Впервые увидев Лидию, сидящую за студенческим столом, я решил, что она, должно быть, гимнастка или акробатка, потому что фотографии таких вот голубоглазых блондинок, завоевывающих на Олимпийских играх золотые медали для Советского Союза, часто мелькали на глянцевых журнальных обложках. Впрочем, плечи ее были узки, как у ребенка, а кожа казалась почти прозрачной. Когда же миссис Кеттерер встала из-за стола, стало окончательно ясно: не гимнастка и не акробатка. От пшеничных волос до талии — может быть; от талии до ступней — пастух или привычный к качкам матрос. Ничего специфически женского. Пытаясь поддержать собственные принципы, я отгонял мысли о верхней части ее тела («организма» — сказали бы тетки) и внушал себе, что внимание привлекает именно мужеподобная переваливающаяся походка Лидии.
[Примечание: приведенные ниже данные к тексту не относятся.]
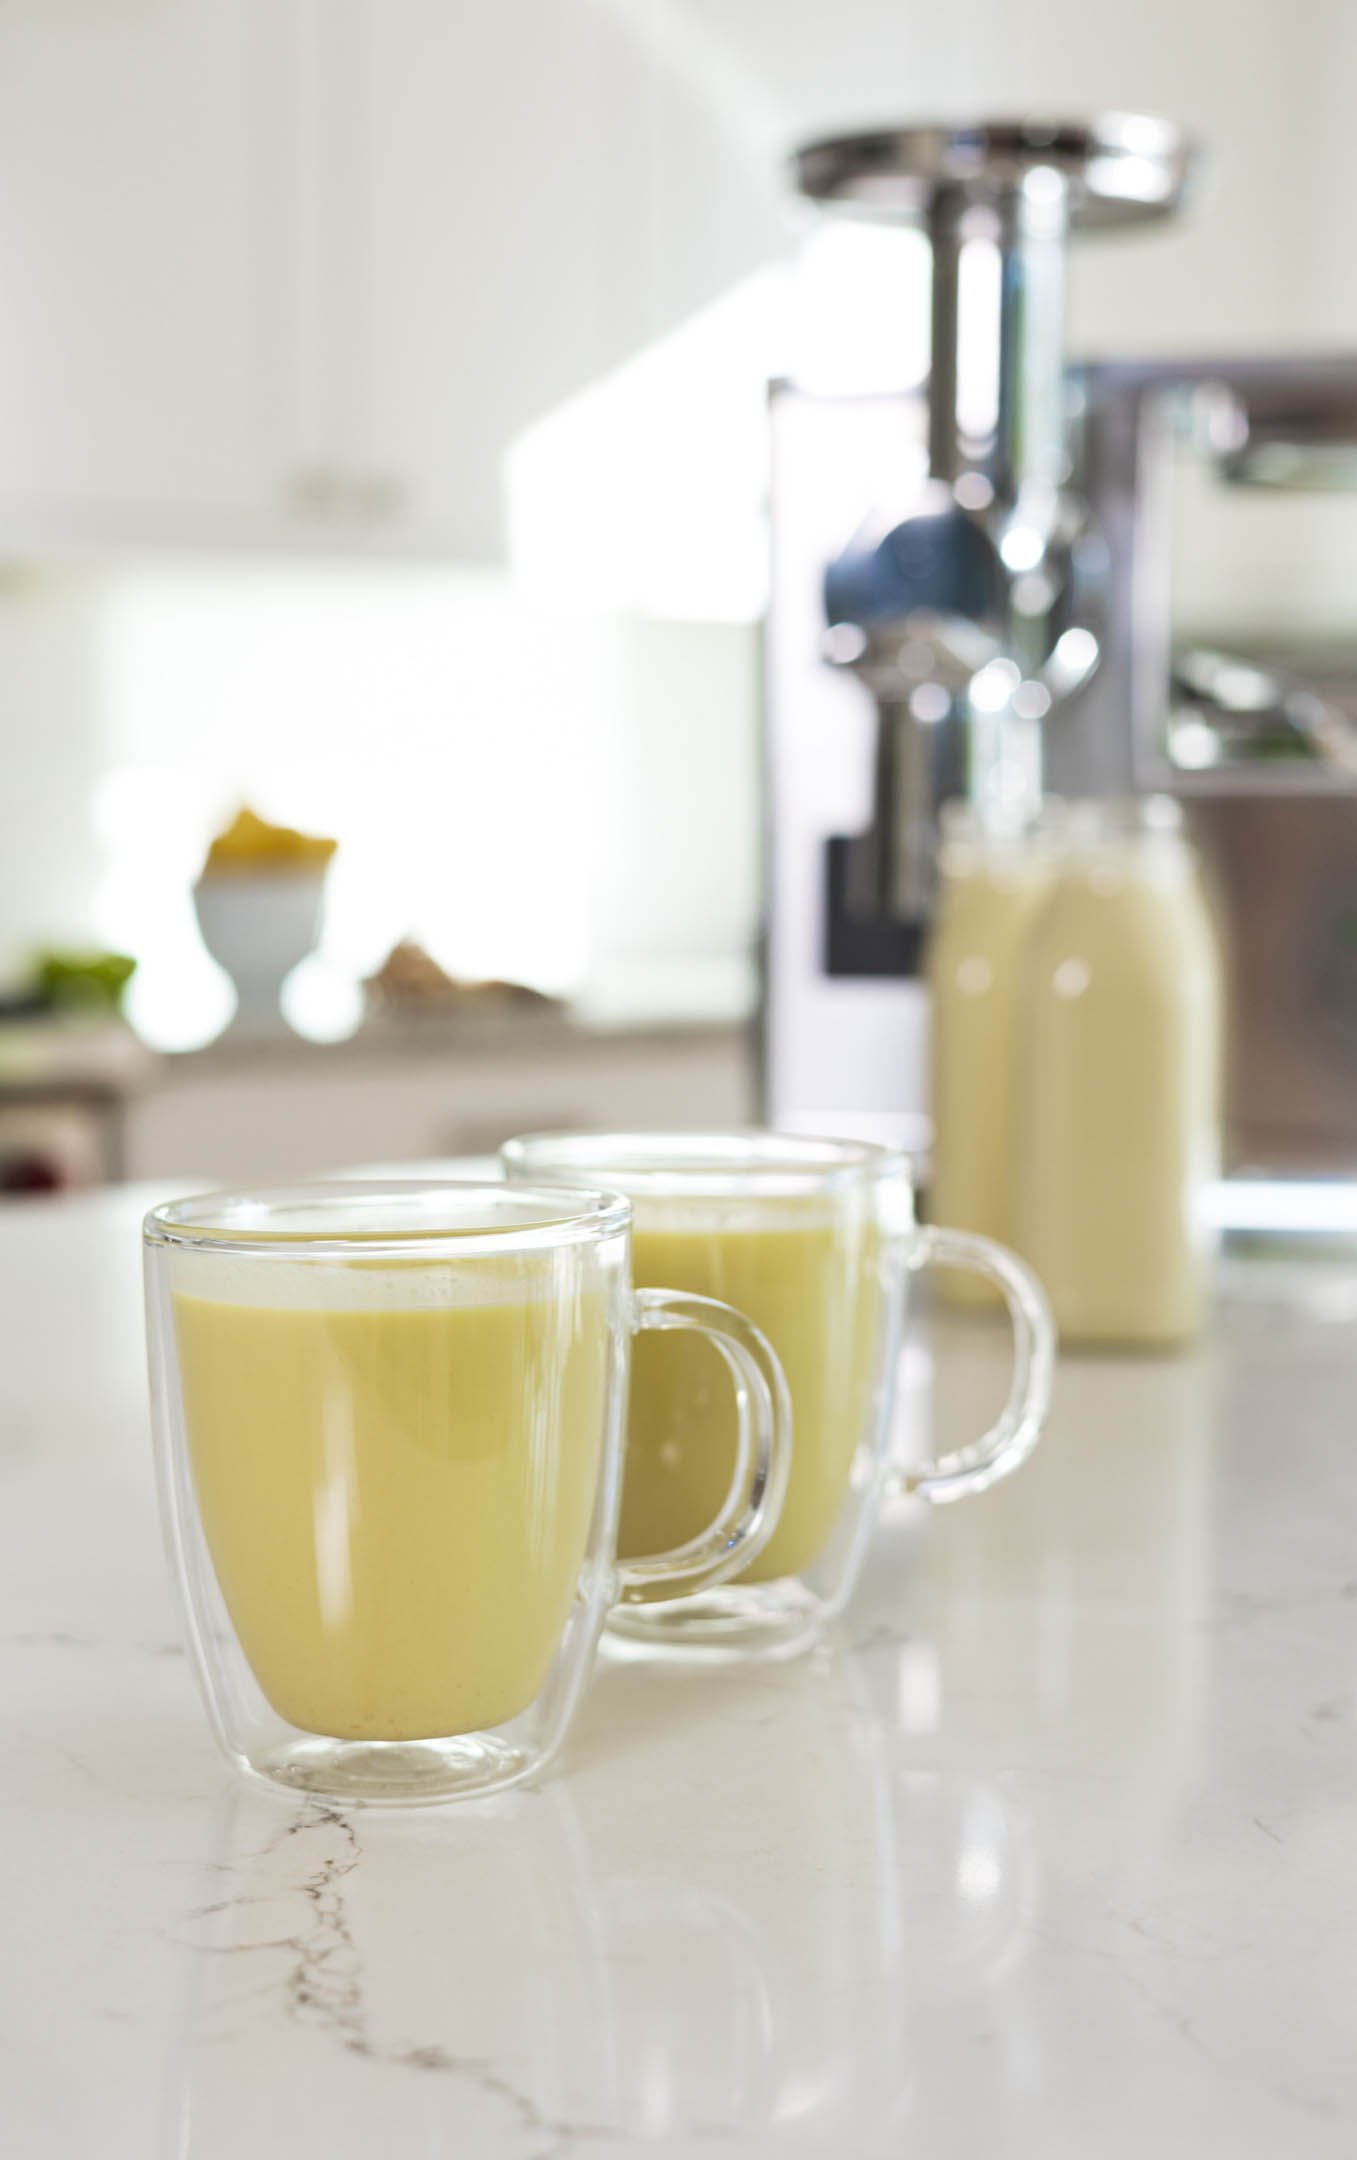 soothing turmeric milk recipe with homemade almond milk and pressed turmeric, ginger, cardamom, and cinnamon juice in cups

Я переспал с ней ровно через месяц, переступив через свои убеждения и ее желание. Сюжетная канва события выглядела так, будто за дело взялась миссис Слейтер: беседа наедине в кабинете профессора — о литературе; продолжение разговора по дороге в район Гайд-парка; приглашение выпить пива в баре, расположенном как раз посередине между нашими домами, — всего по одной кружке; почти вынужденное ответное приглашение на чашечку кофе. О, спасибо, буду очень рад. «Не пойму, зачем вам это надо», — сказала Лидия, отправляясь в ванную комнату, чтобы надеть предохранительный колпачок. «Зачем вам это надо, не пойму», — сказала Лидия, выйдя оттуда в трусиках, которые я, уже раздетый, беспрепятственно стащил с нее. «Кругом столько красоток, почему именно я?» — спросила Лидия.
Я не стал утруждать себя ответом. Чего больше в ее словах — самоуничижения или здравого смысла? Я улыбнулся.
Она сказала: «Вы только посмотрите на меня».
Я сказал: «Как раз этим и занимаюсь».
«Ну и как? Я же на пять лет вас старше. У меня обвислая грудь, да она никогда и не была красивой. Я вся в морщинах. У меня толстая попа. У меня больные ноги. Я почти калека. Хочу, чтобы вы были в курсе, профессор: я не знаю, что такое оргазм». (Ее организм не знает, что такое оргазм.) Тут-то и началась наша любовь. Она отдалась мне, как отцу, как Кеттереру, как любому другому мужчине в своей жизни, — с печалью и недоумением.
Потом была та самая чашечка кофе. Зябко кутаясь в халат, Лидия вздохнула: «Никогда не пойму, зачем тебе это понадобилось. Почему, например, не с миссис Слейтер, которая просто измечталась о тебе? С чего это такой, как ты, захотел такую, как я?»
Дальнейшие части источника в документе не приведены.